7. A method for training agents in a multi‑agent reinforcement learning environment, comprising: (a) compressing low‑level sensory embeddings through a variational bottleneck conditioned on observation history and a shared world‑model prior; (b) generating communication tokens that encode belief divergences and transmitting selected belief dimensions via an attention‑based encoder; (c) predicting next observations and belief vectors using a joint belief‑world autoregressive model; (d) decomposing rewards based on a misalignment penalty derived from belief divergence; and (e) training a discriminator to detect abnormal joint belief trajectories, wherein the method is executed under a centralized training‑decentralized execution paradigm.

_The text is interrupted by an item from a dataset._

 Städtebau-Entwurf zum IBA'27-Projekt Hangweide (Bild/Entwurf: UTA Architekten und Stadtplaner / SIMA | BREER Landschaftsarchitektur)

8. The method of claim 7, wherein the variational bottleneck employs a Kullback‑Leibler penalty to enforce information‑theoretic compression [12][13].
9. The method of claim 7, wherein the attention‑based encoder selects belief dimensions to transmit based on a learned attention weight matrix that maximizes mutual information with the joint belief estimate [15].

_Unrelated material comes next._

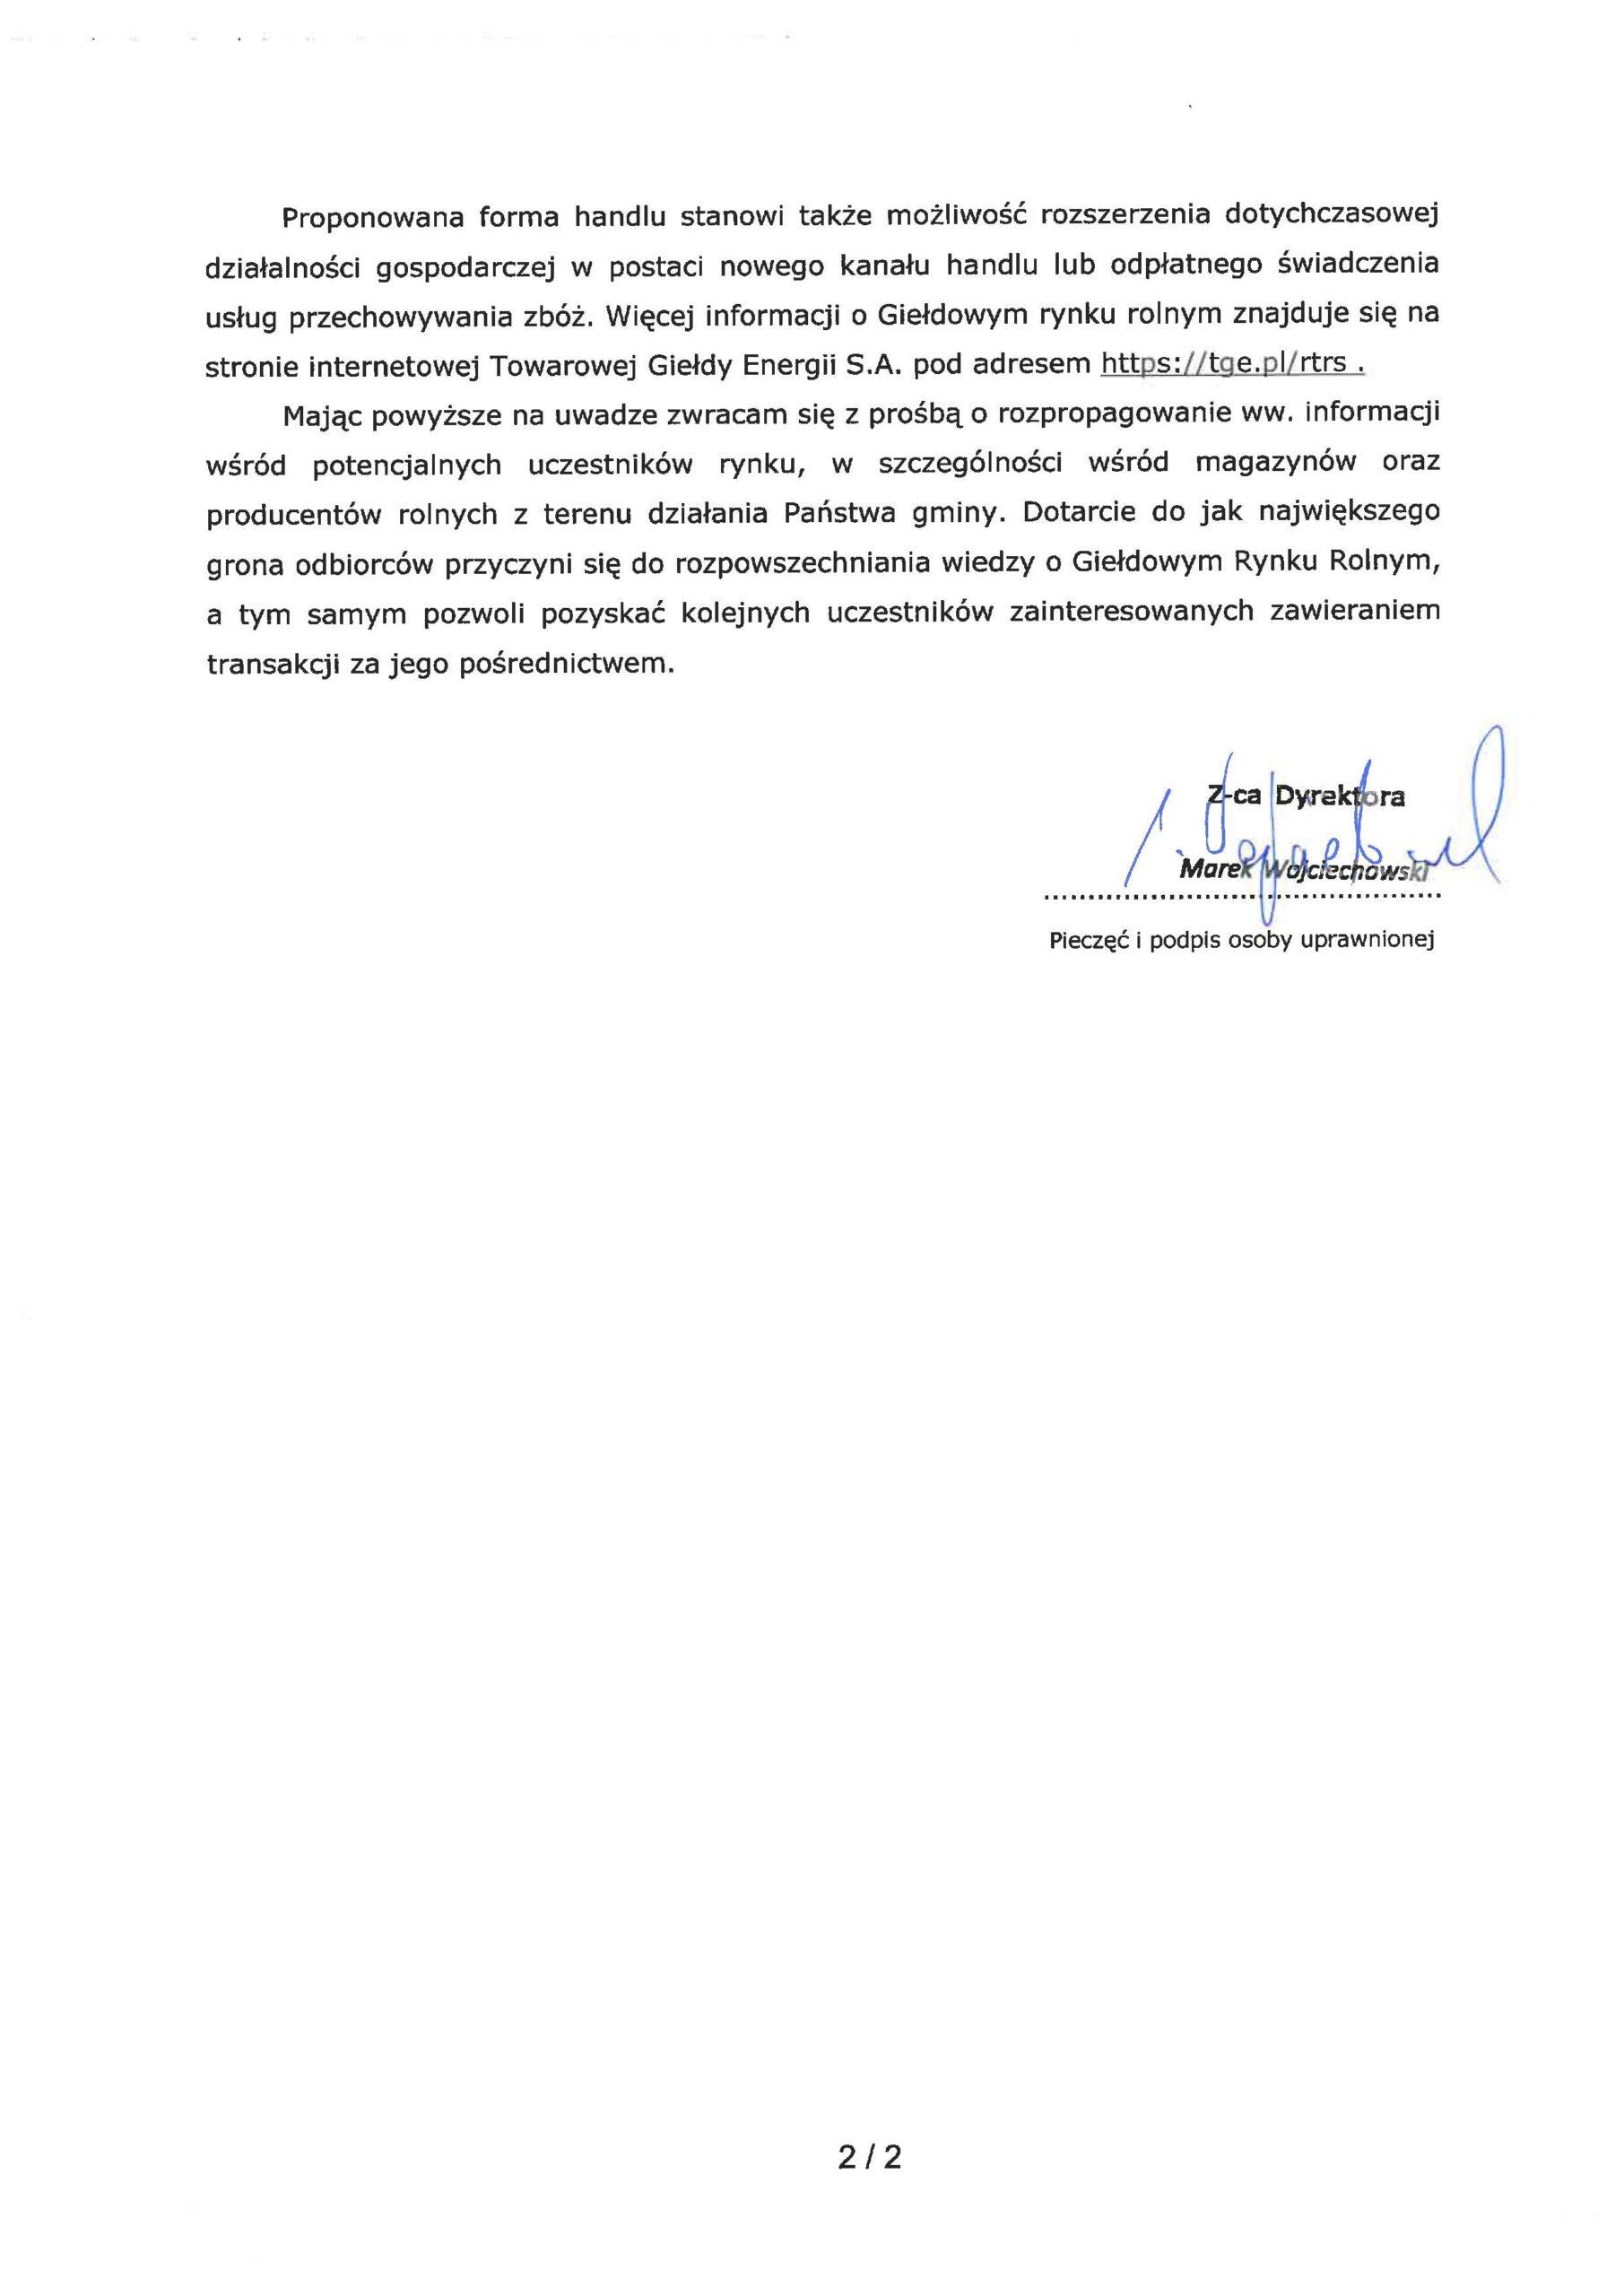 podpis i pieczątka, oraz proponowana forma handlu stanowi takze mażliwość rozszerzenia dotychczasowej działalności gospodarczej

10. The method of claim 7, wherein the joint belief‑world model is a transformer‑based autoregressive decoder that predicts next observations and belief vectors conditioned on a sequence of past actions and communicated beliefs [16].
ABSTRACT
A Belief‑Augmented Abstraction & Communication (BAAC) framework for multi‑agent reinforcement learning mitigates misalignment caused by partial observability. The framework employs a hierarchical belief hierarchy compressed via a variational bottleneck conditioned on observation history and a shared world‑model prior, enabling explicit uncertainty encoding. Agents generate adaptive communication tokens that encode belief divergences and selectively transmit belief dimensions through an attention‑based encoder, reducing bandwidth while preserving coordination. A joint belief‑world autoregressive model predicts next observations and belief vectors conditioned on past actions and communicated beliefs, thereby reducing state‑action misalignment. Rewards are decomposed based on a misalignment penalty derived from belief divergence, encouraging proactive alignment. A lightweight discriminator monitors joint belief trajectories to detect abnormal divergences, providing a safeguard against reward hacking. The BAAC system achieves efficient communication, robust misalignment mitigation, scalable credit assignment, and transparent interpretability in decentralized AI systems.